Doctor Darrow is probably right in concluding that it is more practical to breed more flavor by selection into the ordinary 56-chromosome commercial strawberry than to try to introduce flavors from either of the two exotic wild European sorts with their 14 and 42 chromosomes respectively.
For myself I have long held the romantic idea that it would be good to go back to the source, to the original wild European 14-chromosome berry. How to do that and yet maintain size and firmness is the problem.
To me personally, the moschata has had an interest for thirty years because President F. D. Roosevelt first called my attention to it. He was one of the few people fascinated by the musky flavor, when he was a small boy traveling with his tutor in Germany. Following up on Roosevelt's suggestion with Doctor Darrow, I found that there was this other wild European strawberry, less well known than the famous fraise des bois.
I am sure that the very practical and very successful strawberry growers of California will never fool with either of the two wild European strawberries.
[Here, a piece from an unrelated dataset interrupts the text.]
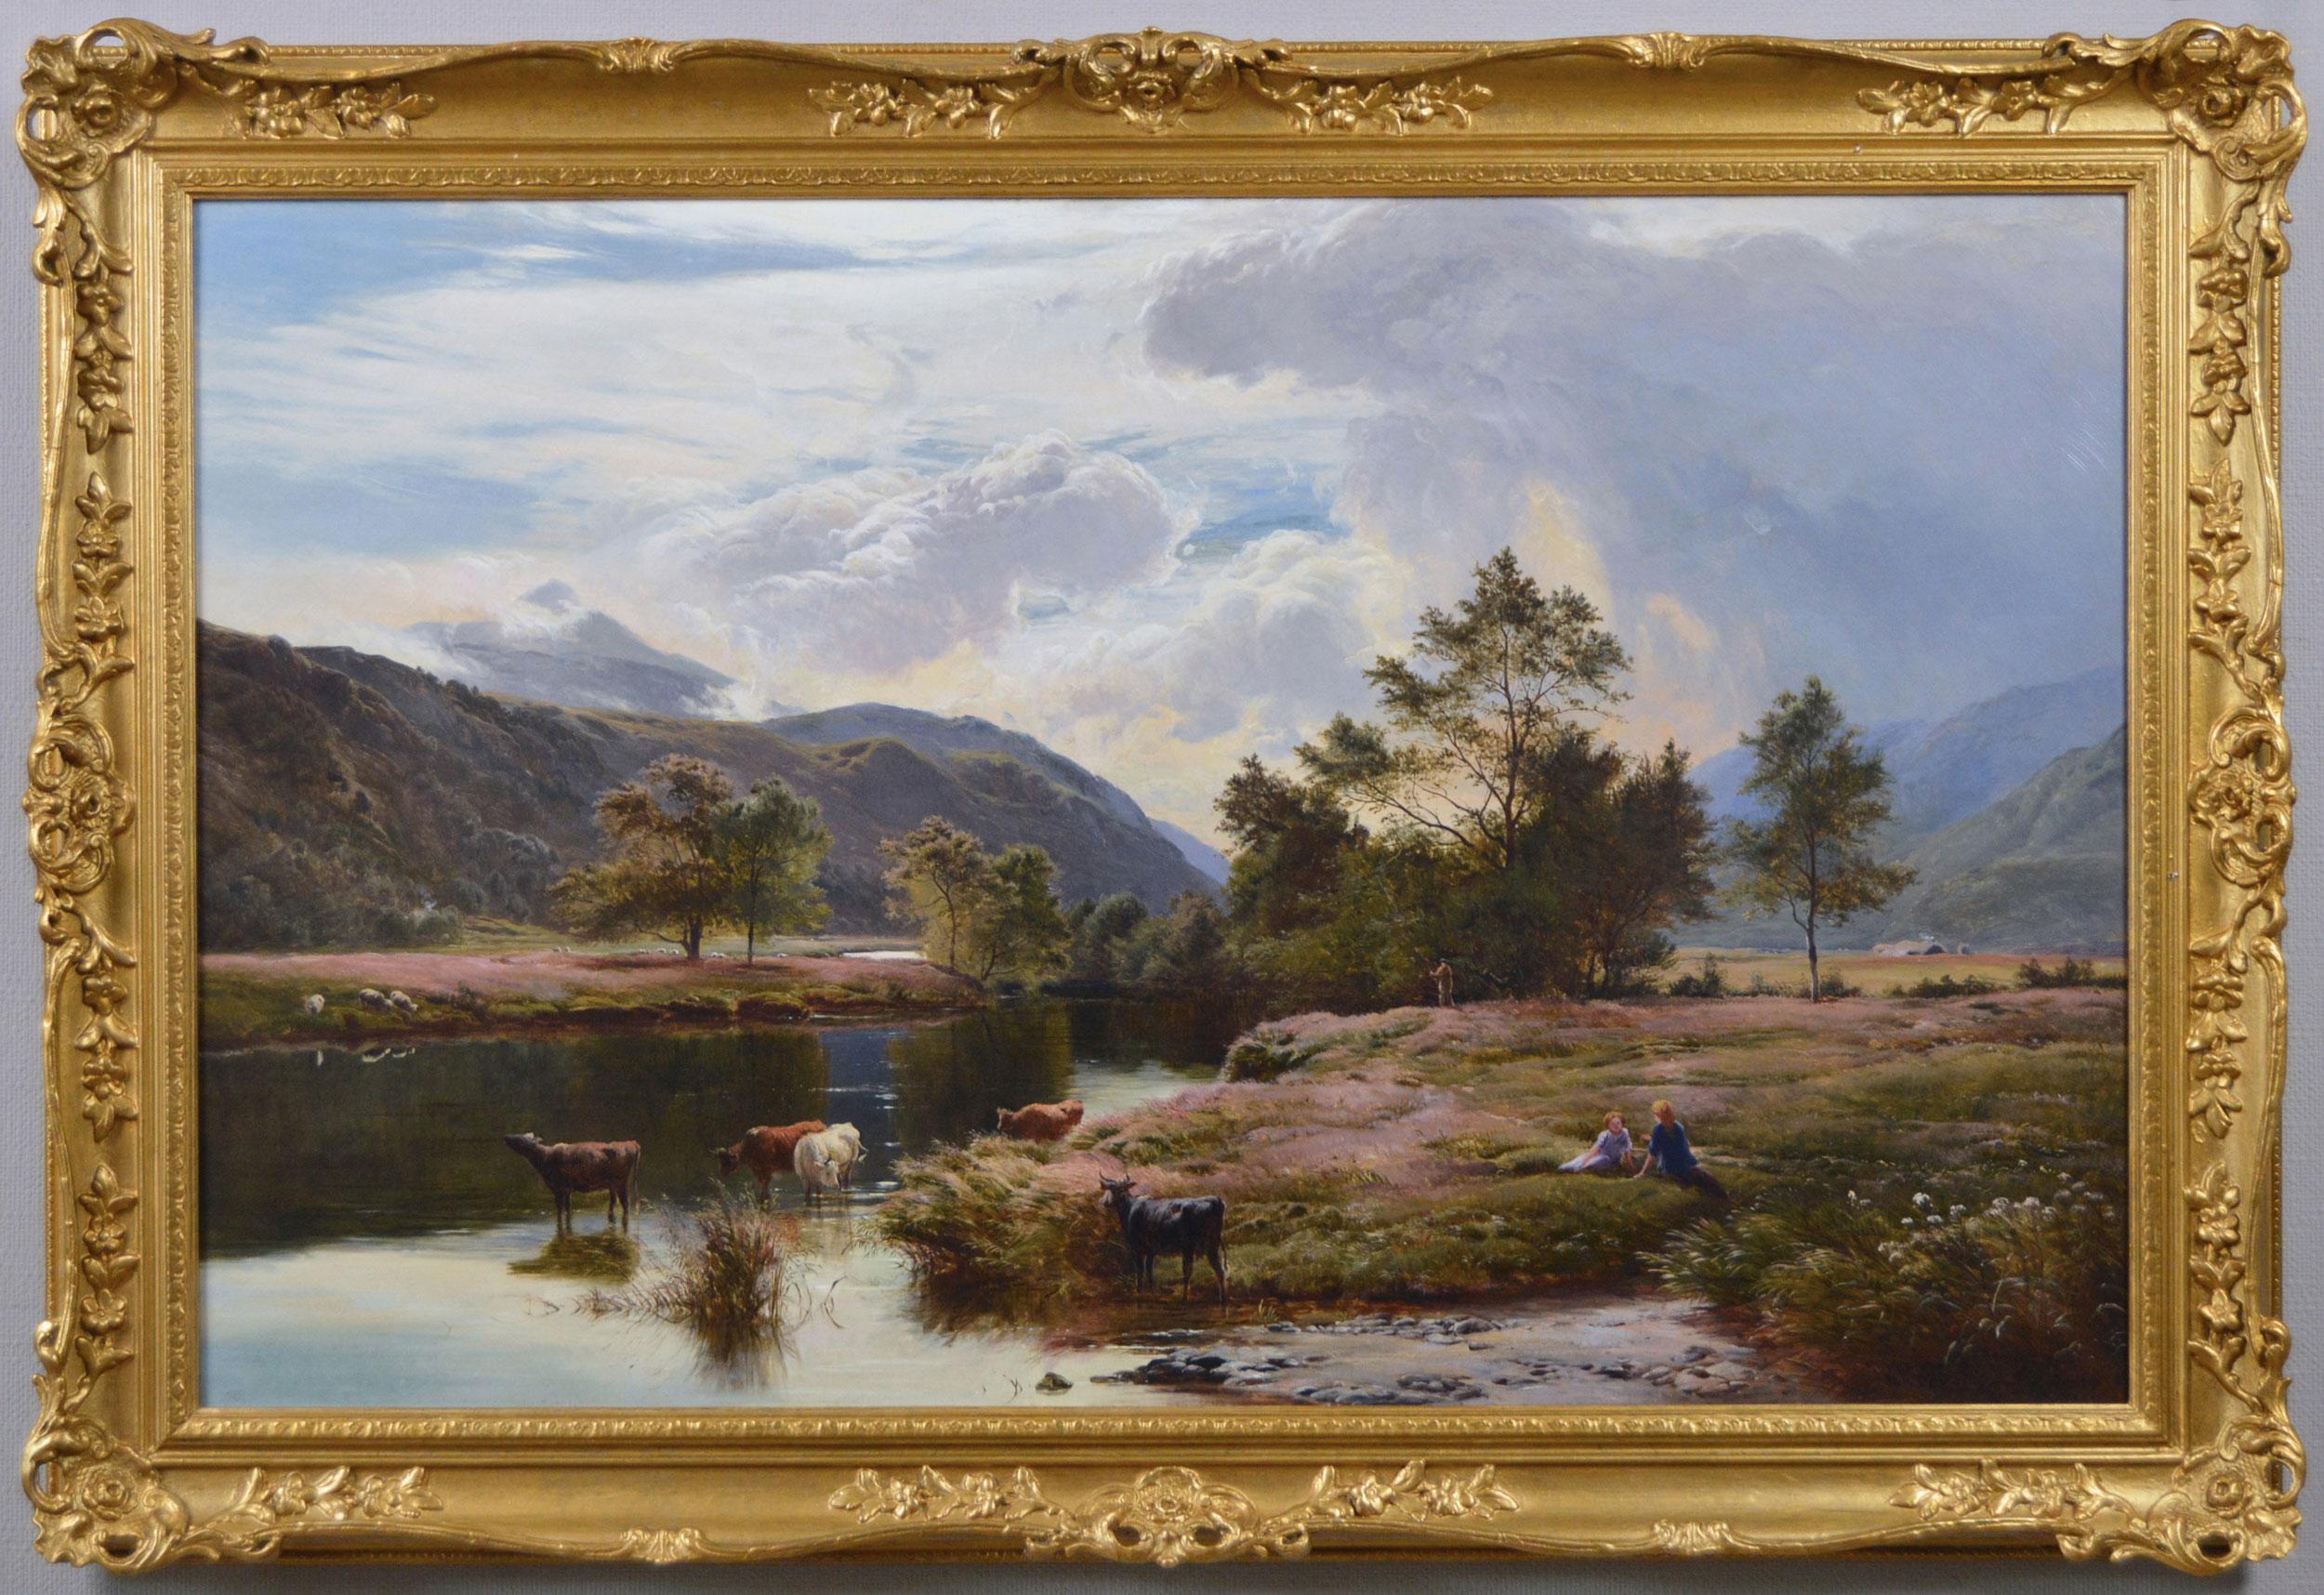 Landscape Painting Sidney Richard Percy - Peinture à l'huile du 19e siècle représentant un paysage fluvial écossais de Glen Falloch

Nor will the very successful strawberry growers of Oregon, Washington, Michigan, Florida, North Carolina, Louisiana, or Arkansas. They will follow the doctrine of "First things first." One look at these wild strawberries from Europe will convince them that there is nothing there for them. These small-fruited European sorts are hundreds of thousands of years removed from their large-fruited kinds so carefully evolved from the North and South American species and varieties by so many devoted breeders since 1750.
Nevertheless, a few men will try to go back to the early beginnings on the assumption that not everything good in the strawberry world originated in Chile and North America. Europe may have something to contribute. The religious artists of the 1400's loved the wild European strawberry. Perhaps it will yet contribute something more tangible than religious art.
The immediate future in the United States undoubtedly belongs to the strawberries originated by Doctor Darrow and his close friends and many associates in many states. On the continent of Europe, the future seems to belong increasingly to the varieties originated by Professor von Sengbusch in Germany. In the British Isles, varieties originated by the Cambridge Experiment Station, and in Scotland varieties originated by Robert Reid of Auchincruise, seem to dominate the picture.
Probably no domestic plant is more complex biologically, more sensitive in its adaptability than the strawberry. This means that a really good and comprehensive book is almost impossible. Fortunately, the history of the domestic berry begins only in 1760, and therefore we know more about this plant's history than we do about most other organisms. Doctor Darrow is deserving of great credit for getting the cooperation of so many strawberry experts in helping him write a story which is both scientific and romantic. In my opinion, the history of the strawberry has just begun. However, I doubt that the strawberry of the future will ever attain the size of the berries seen by Hieronymous Bosch's tortured imagination in the early 1500's.